Thursday, October 31, 2013

Law Jobs: By the Numbers

Have you ever wondered what the employment statistics in U.S. News and World Report actually mean? Where do the mysterious numbers come from? Are they based in fact? Are they at all accurate?

The answers to these and other employment statistics questions are now available online in an easy-to-use source: Law Jobs: By the Numbers, compiled and published by the University of Denver School of Law’s Institute for the Advancement of the American Legal System (IAALS).

Law Jobs demystifies the formulas used by U.S. News and World Report and a handful of other organizations that rank based on employment data. It further allows users to compare and contrast the job numbers from all these sources and to create your own formula based on the factors important to you.
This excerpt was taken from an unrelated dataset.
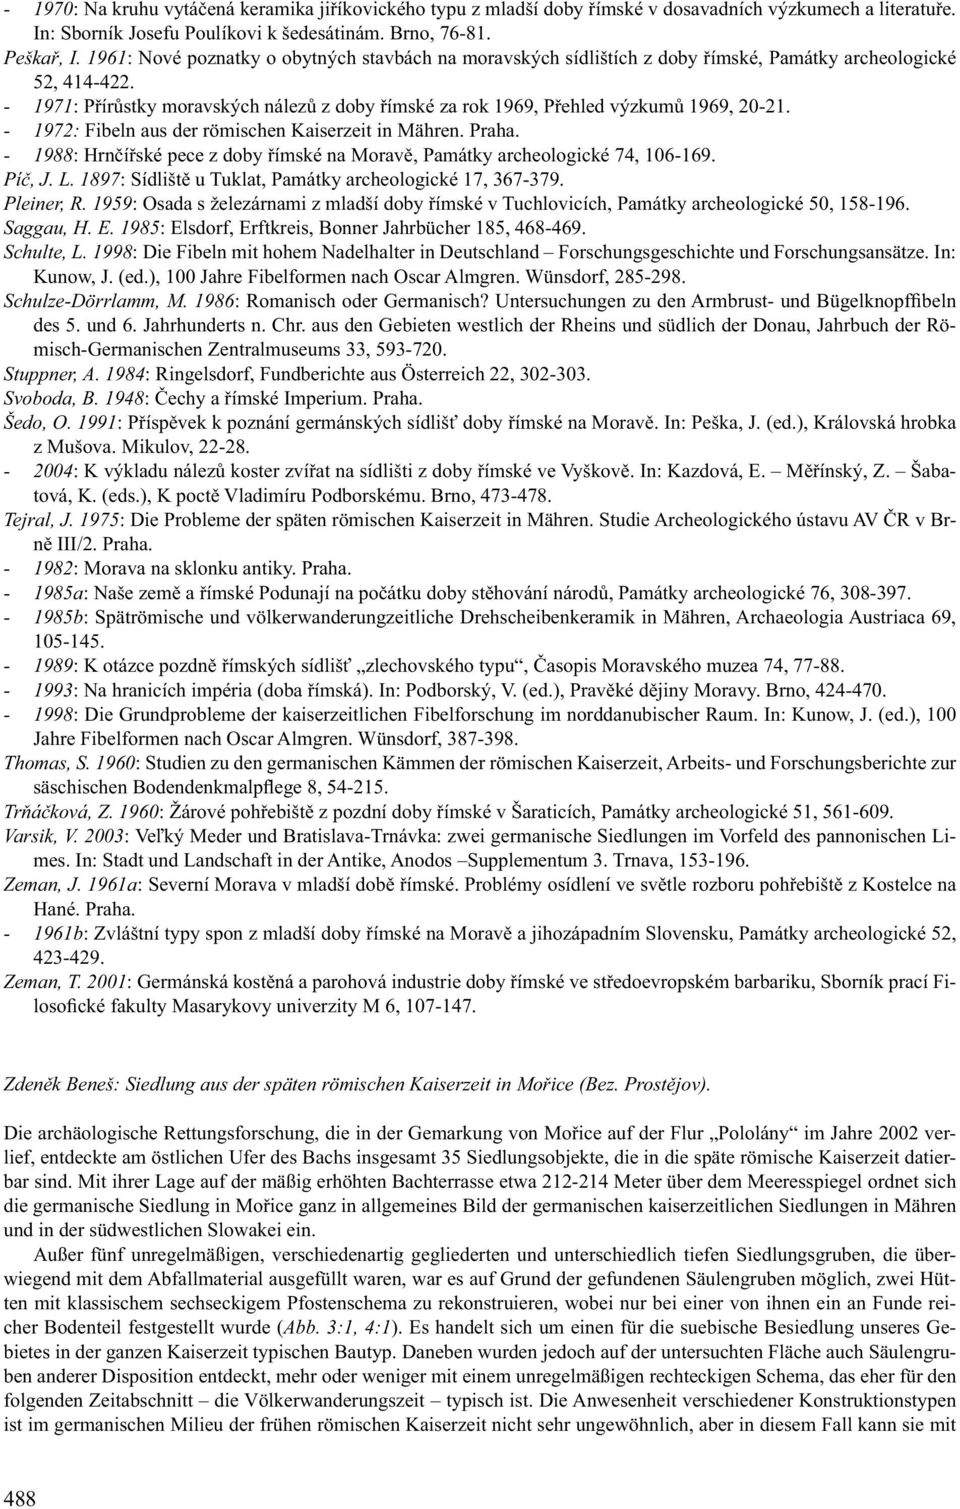 - 1971: Přírůstky moravských nálezů z doby římské za rok 1969, Přehled výzkumů 1969, 20-21. - 1972: Fibeln aus der römischen Kaiserzeit in Mähren. Praha.

The U.S. News and World Report formula looks at full-time, long-term jobs that either require bar passage or give an advantage to a JD and divides it by the total graduates:

US News and World Report Formula Bar Passage required full time long term and JD advantage full time long term in numerator and all graduates in denominator

The U.S. News employment numbers are therefore useful to people interested in the percentage of graduates employed in long-term, full-time licensed attorney jobs or in which an applicant with a JD is somehow advantaged over an applicant without a JD.  This formula may be over-inclusive if a person looking at the job numbers doesn’t believe that a person with a JD should work as anything other than a licensed attorney.

A person interested only in employment numbers for attorneys is full-time, long-term jobs, might want to review the statistics from Law School Transparency instead.  The LST formula divides full-time long term bar passage required jobs excluding solo attorneys by the total number of graduates.

Law School Transparency Formula Bar Passage required full time long term excluding solo practitioners in the numerator and all graduates in the denominator

Lastly, users can create their own formulas based on factors important to them. Looking at all US law school graduates, I created a formula that really focused on individuals employed in licensed attorney or JD advantaged positions, giving twice as much weight to the licensed attorney jobs.

Here is how my results compared with the popular ranking systems:

comparison chart my reults forty two percent compared to US News sixty five point seven percent LST fifty four point two percent NALP eighty four point 3 NJ seventy one percent and ATL fifty three point one percent

When eliminating the solo attorneys and the law school funded positions, employment for new attorneys was only 42%.

Unfortunately the numbers in the Law Jobs Calculator are based on the ABA’s Employment Summary Report, which are self-reported by the schools. How much you trust the numbers is up to you.

Law Jobs is great at demystifying law school employment statistics and it can provide hours of fun playing around with various formulas. But as with any other ranking system, apply the results with caution.